## MonReader - part 3

----

### Multimodal OCR (No Pre-processing): VLM vs. Tesseract

**Objective.**  
Evaluate a **Vision–Language Model (VLM)** that performs OCR **directly from raw page images** (no deskew, no binarization, no line/word segmentation). We’ll later compare its verbatim transcription quality against **Tesseract** on the same pages.

We use two sources:
- *The Chamber* — John Grisham *(English)*
- *A onda que se ergueu no mar* — Ruy Castro *(Portuguese)*

**Why this experiment.**  
VLMs can read document text straight from RGB photos by leveraging learned visual invariances (rotation, lighting, curvature).

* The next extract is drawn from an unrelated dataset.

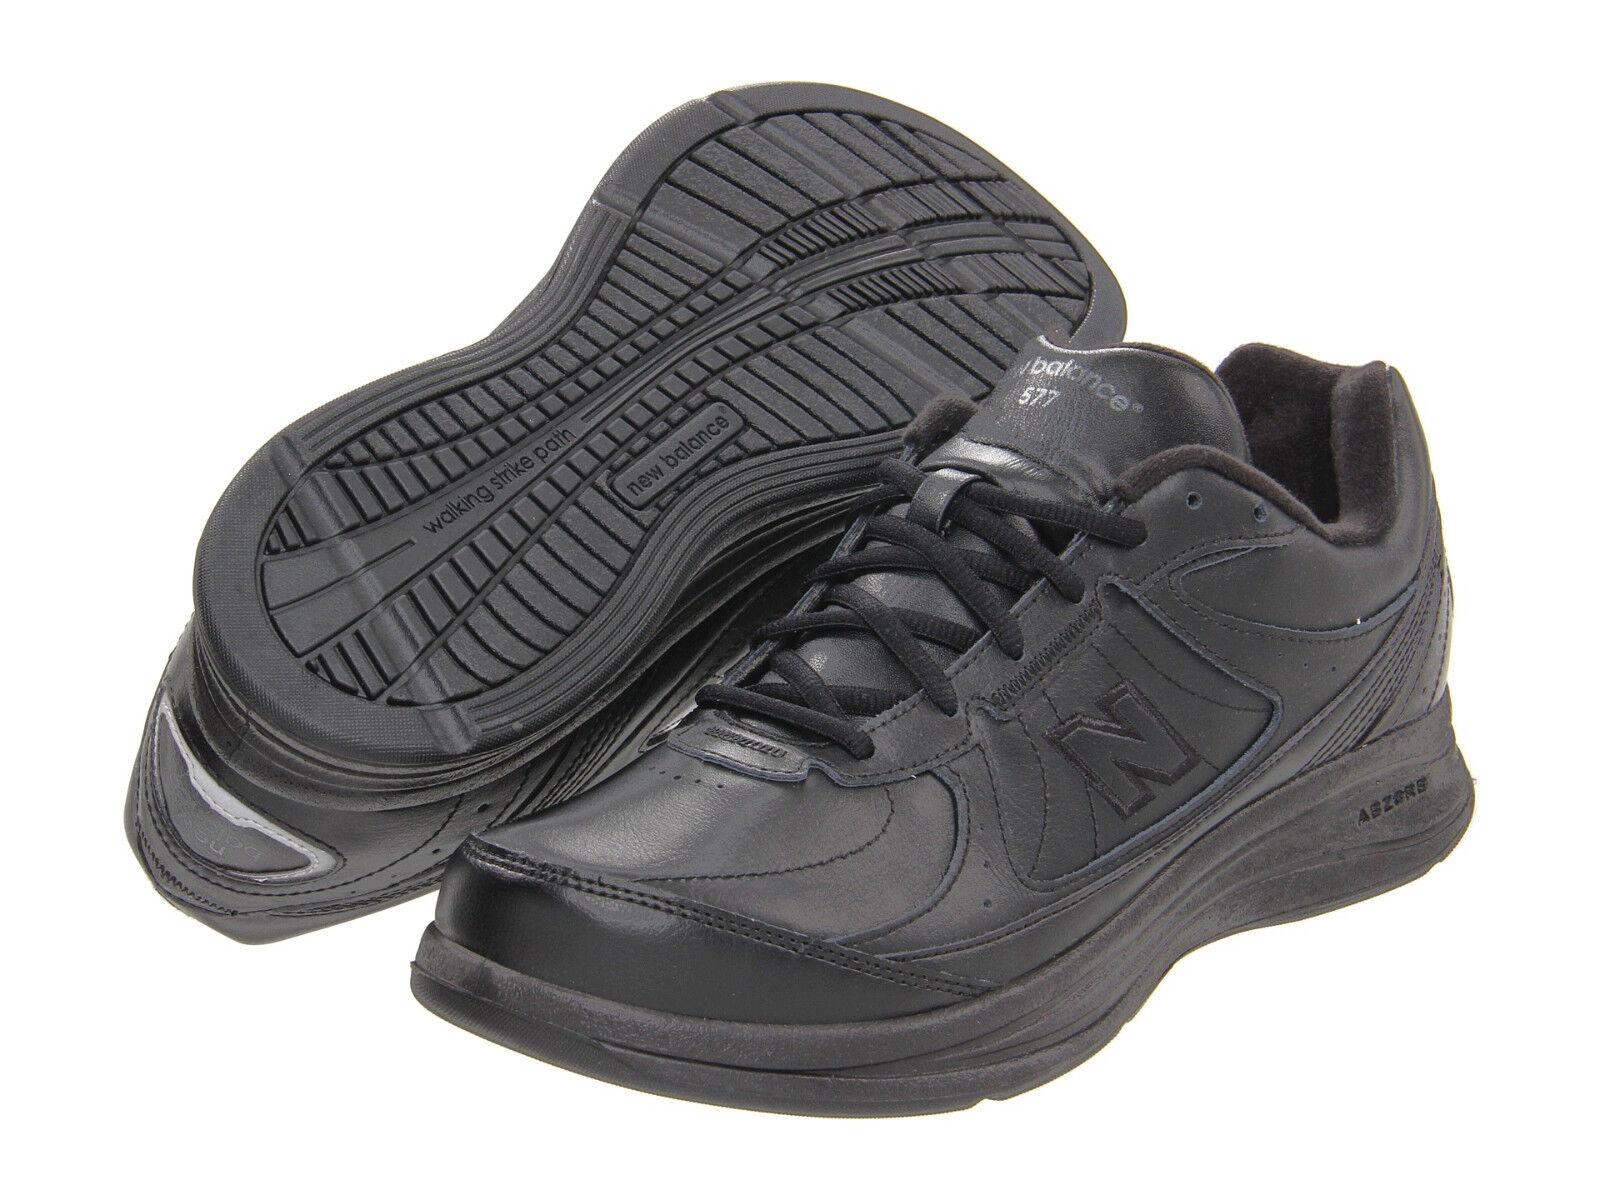 Men New Balance MW577BK Walking (Medium D) Black Black 100% Authentic Brand New

The aim is to measure how far a “no-preprocessing” VLM can go versus a classical pipeline, and to identify the situations where simple conditioning (e.g., deskew) still helps.

**Minimal Pipeline Overview (this part).**  

1. **F – VLM (raw)**: Feed the original page photo to the model with a *verbatim transcription* prompt; capture JSON output `{language, lines}` and a `.txt` view.  
2. **G – Compare**: Compute CER/WER against gold text (and Tesseract), plus latency and error tags.

> In this first section we only set up the dataset, verify image quality, and prepare folders for the VLM run, **no pre-processing**.


----


#### Imports and Environment

In [1]:
from pathlib import Path
import shutil
import numpy as np
import pandas as pd
from PIL import Image
import cv2
import matplotlib.pyplot as plt


In [2]:
BASE = Path.cwd()
DATA_DIR = BASE / "data"
BOOK_DIR = DATA_DIR / "books"
WORK_DIR = BASE / "work"

ENG_BOOK_DIR = BOOK_DIR / "The_Chamber-John_Grisham"
POR_BOOK_DIR = BOOK_DIR / "A_onda_que_se_ergueu_no_mar-Ruy_Castro"

ENG_IMG_DIR = ENG_BOOK_DIR / "images"
POR_IMG_DIR = POR_BOOK_DIR / "images"

for p in [BOOK_DIR, WORK_DIR, ENG_BOOK_DIR, POR_BOOK_DIR, ENG_IMG_DIR, POR_IMG_DIR]:
        p.mkdir(parents=True, exist_ok=True)


----

### Step F — VLM OCR (GGUF local, no pre-processing)

**Goal.**  
Use a **quantized GGUF** build of *Llama 3.2-Vision Instruct* to transcribe book-page photos directly (no deskew, no binarization).  
We start with a **single-image smoke test**, then we’ll scale to the full dataset.

**Why GGUF?**  
GGUF files are pre-quantized, self-contained weights that can run efficiently on the local GPUs through the `llama.cpp` engine (used by LM Studio and Ollama).  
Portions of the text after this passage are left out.